In Bloom, Georgia: Around the World in Movies

in bloom movie

In Bloom was not the movie I intended to see: That would have been Happy Families, the second film by the team of “Nina and Simon,” or Georgian writer/director Nana Ekvtimishvili and her German partner, Simon Gross. Happy Families is playing in Paris, in Georgian, with French subtitles. And so, it seemed, that In Bloom might be the better place to begin.

It is, in fact, quite a beginning, to Ekvtimishvili’s career as a chronicler of life in Georgia, a country many of us know best as the one with the same name as the American state. In Bloom is set in 1992, when the country was only newly released from its time under Soviet rule; judging from the state of things in Tbilisi, it does not seem to have been a propitious relationship — even two decades later, when this film was shot.
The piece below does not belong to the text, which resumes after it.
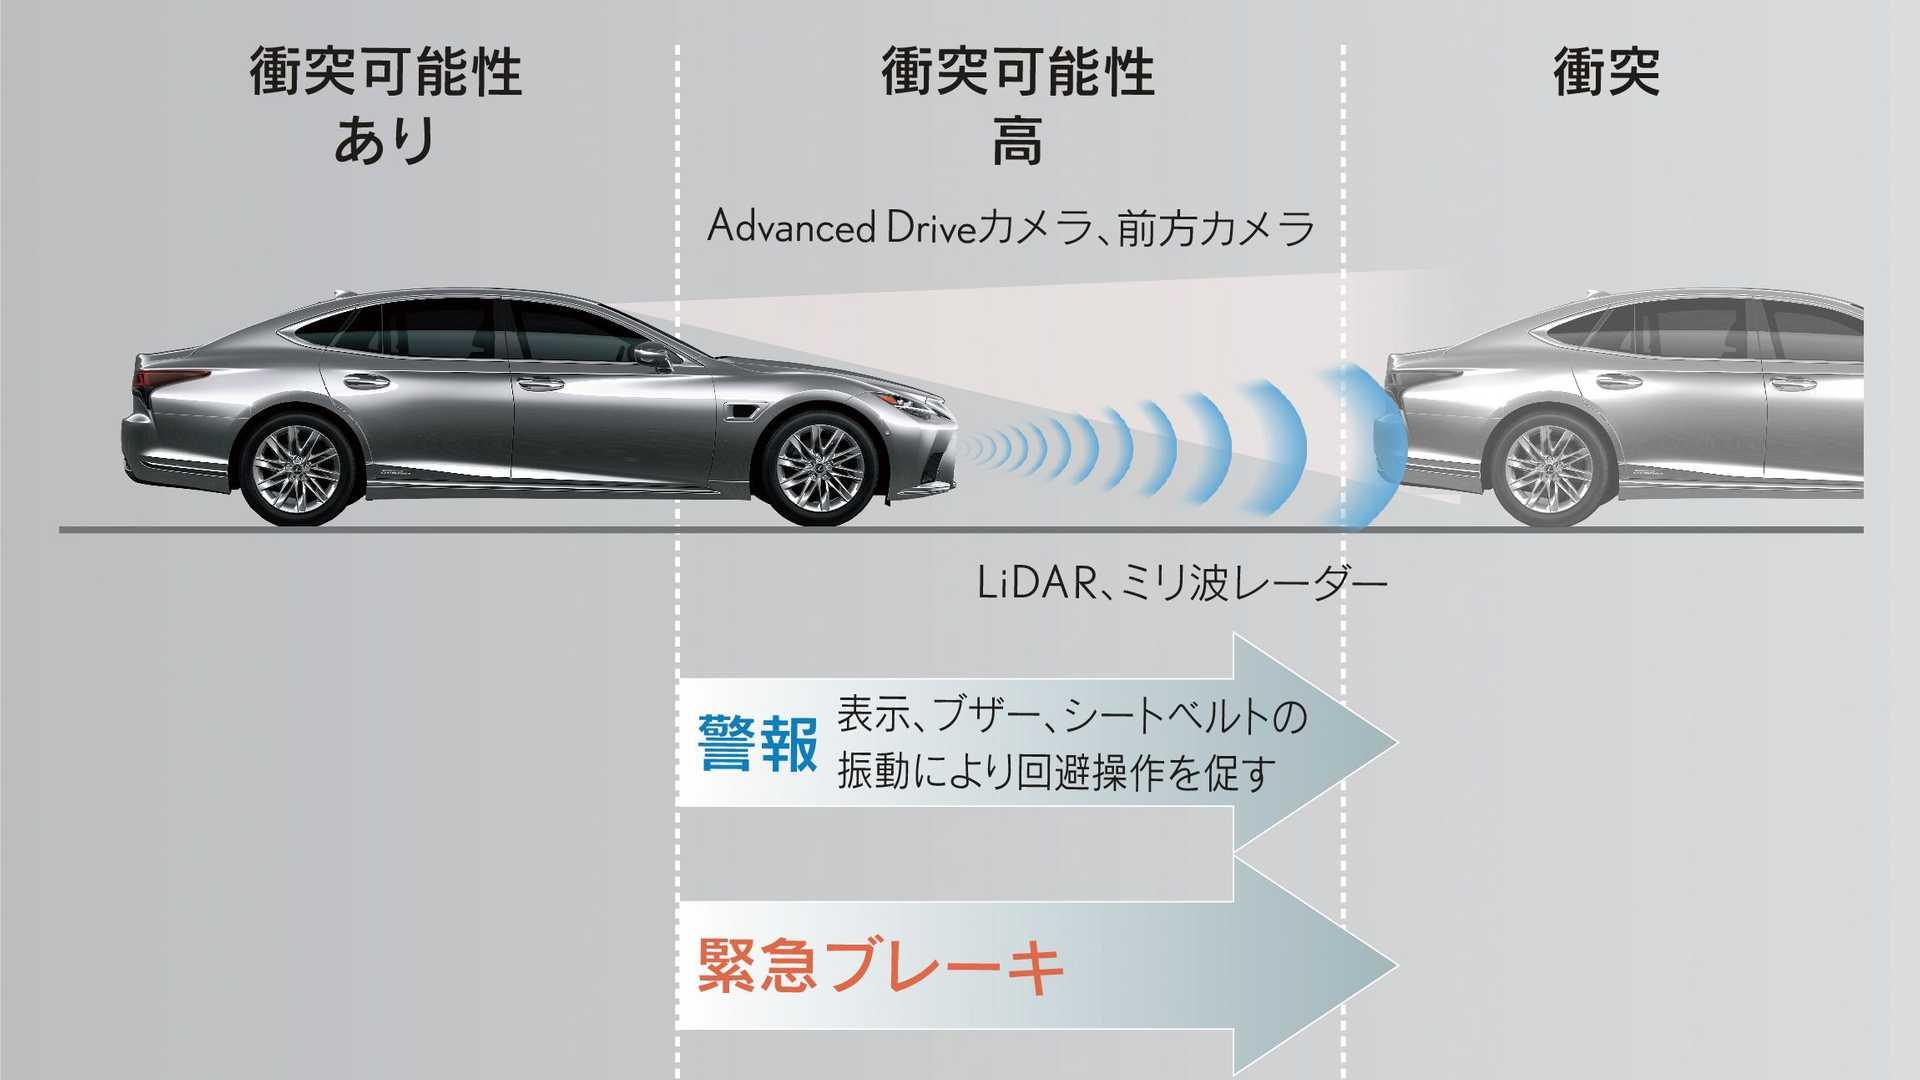 Lexus-LS-And-Toyota-Mirai-Advanced-Drive-36

Broken, brutal Tbilisi is the home for the film’s two central character: beautiful Natia and her serious best friend, Eka. (Natia looks like the most beautiful possible Kardashian sister; Eka, like the smartest.) War rages in the north. There is violence at home and in the street. A gun is passed between the girls, though as a token of what — resistance, aggression, love, terror — it is difficult to say (and in fact, it shifts, beguilingly, from one to the other.) One of the girls is kidnapped and connived into marriage; another performs a dance at the wedding, in a long, single take, that is captivating for the audience, and for the character, a hesitant — though somehow also insistent — declaration at having entered into womanhood.

in bloom movie

Two girls struggling beneath the weight of a repressive, regressive, male-dominated society is not a new story; as it follows the girls’ descent into an ever-more-uneasy adulthood, In Bloom reminded me both of Elena Ferrante’s book, My Brilliant Friend, and the similarly themed Mustang, about a quintet of sister’s in Turkey. Like in My Brilliant Friend, one of the friends enters into a marriage she might do better to avoid; as in Mustang, girls-becoming-women must reckon with a narrowing set of options and violence at every turn. It is perhaps a benefit of time — Mustang is set in contemporary, if not explicitly present-day Turkey — and Turkey’s proximity to Europe that Mustang ends with a run for freedom. In Bloom is not quite so hopeful. It is, though, resolute, with a flinty heart, one perhaps sharpened by the knowledge that Ekvtimishvili has said that the film’s story is in part autobiographical: It is easy to imagine determined Eka as the sort of girl who would simply find a way to outrun her limitations, whatever the cost.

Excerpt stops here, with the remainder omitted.